Newbies to the world of business finance are strongly advised to observe this cardinal rule: Never mingle business commerce with private monies. That means you should have a credit card that is dedicated 100 percent to business use. Accurate financial management is critical to the success of any business, and blending accounts invites massive headaches, or worse, a tax return that is difficult or impossible to defend in an audit.

When a business has multiple users who need access to the account, corporate cards have an advantage. Depending on the credit card, the business can add and delete corporate users, set individual spending limits and easily track usage. Also, business credit cards often come with account-management software and mobile apps that few, if any, consumer cards offer. For example, some business credit cards allow users to instantly upload and tag the receipt from each purchase.

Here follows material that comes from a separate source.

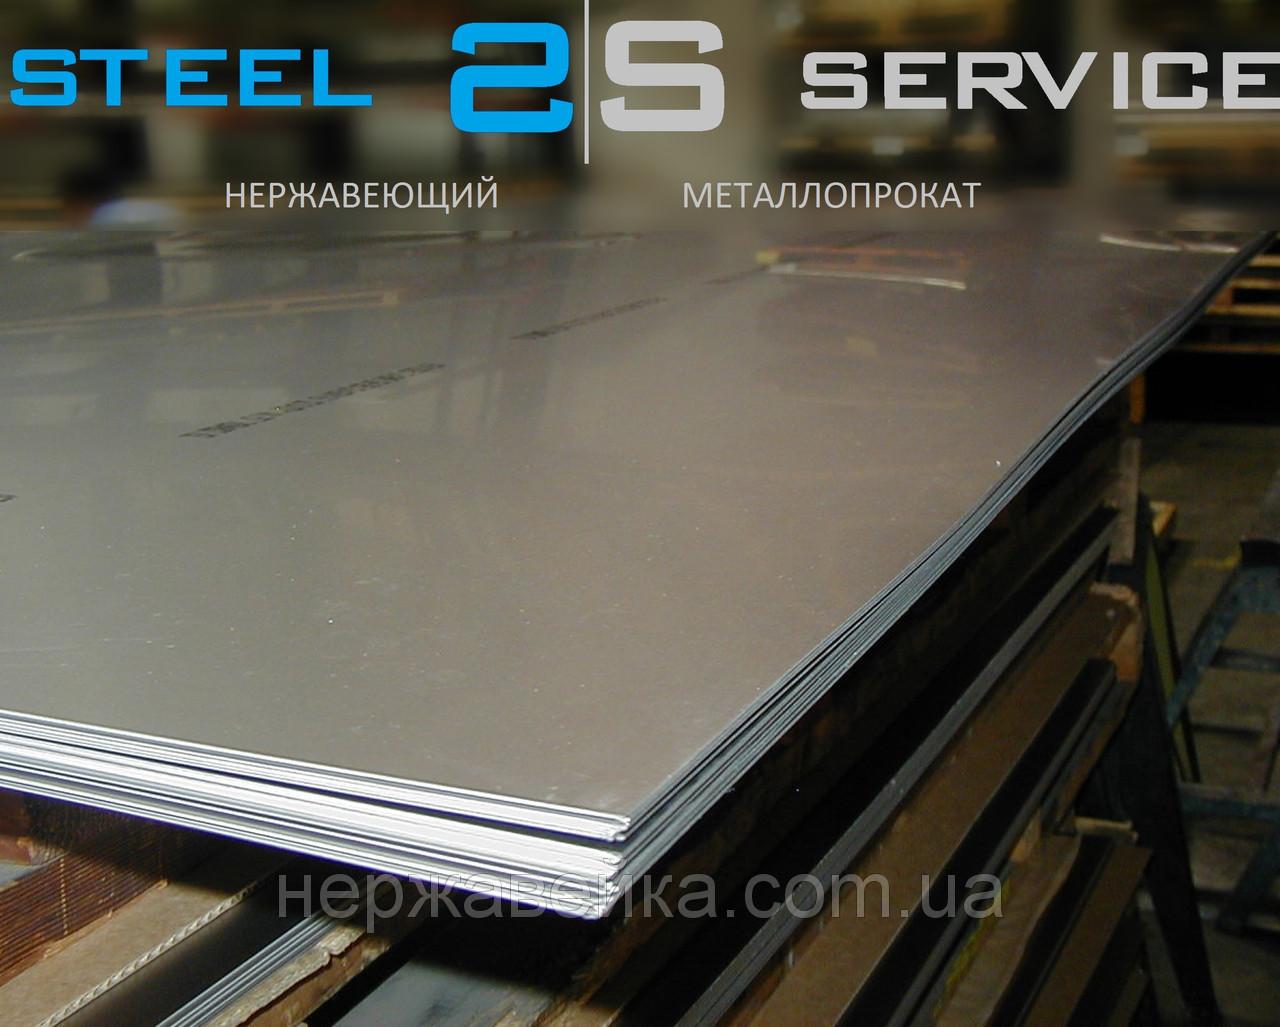 Нержавейка лист 25х1000х2000мм  AISI 316Ti(10Х17Н13М2Т) F1 - горячекатанный,  кислотостойкий

Good reporting tools are critical for accounting and tax purposes. Many great business credit cards allow you to download transaction data directly into your preferred accounting software.


Issuers might examine both your business and personal creditworthiness before approving you for a business credit card, but it’s important to establish standalone business credit to protect your personal finances as well as your business. Business credit expert Chris Bridges, who also runs Credit With Chris, told Forbes the benefits of separating personal and business credit have to do with liability, risk and growth. “When a business owner combines their personal and business credit to obtain financing, it increases their financial liability,” Bridges said. In other words, a business owner can be fully responsible for the debt the business incurs on the credit card, which can hurt the business owner’s personal credit.


Business credit cards typically offer sign-up bonuses, which are larger than those offered by consumer cards, and bonus points for business-related spending categories. Therefore, while a consumer credit card might award bonus points for grocery-store purchases, the business credit card might do so for office supplies, internet service and advertising. Other perks could include hotel discounts, airport-lounge access and more.


Business credit cards often come with higher credit limits than personal credit cards, allowing a small business access to the funds needed to operate and grow. Credit limits vary, based on the account holder’s credit standing.


Credit cards offer a line of defense in case something goes awry with the purchase. Purchase protection, extended warranty and price matching are just some of the credit-card safeties that don’t apply to cash purchases.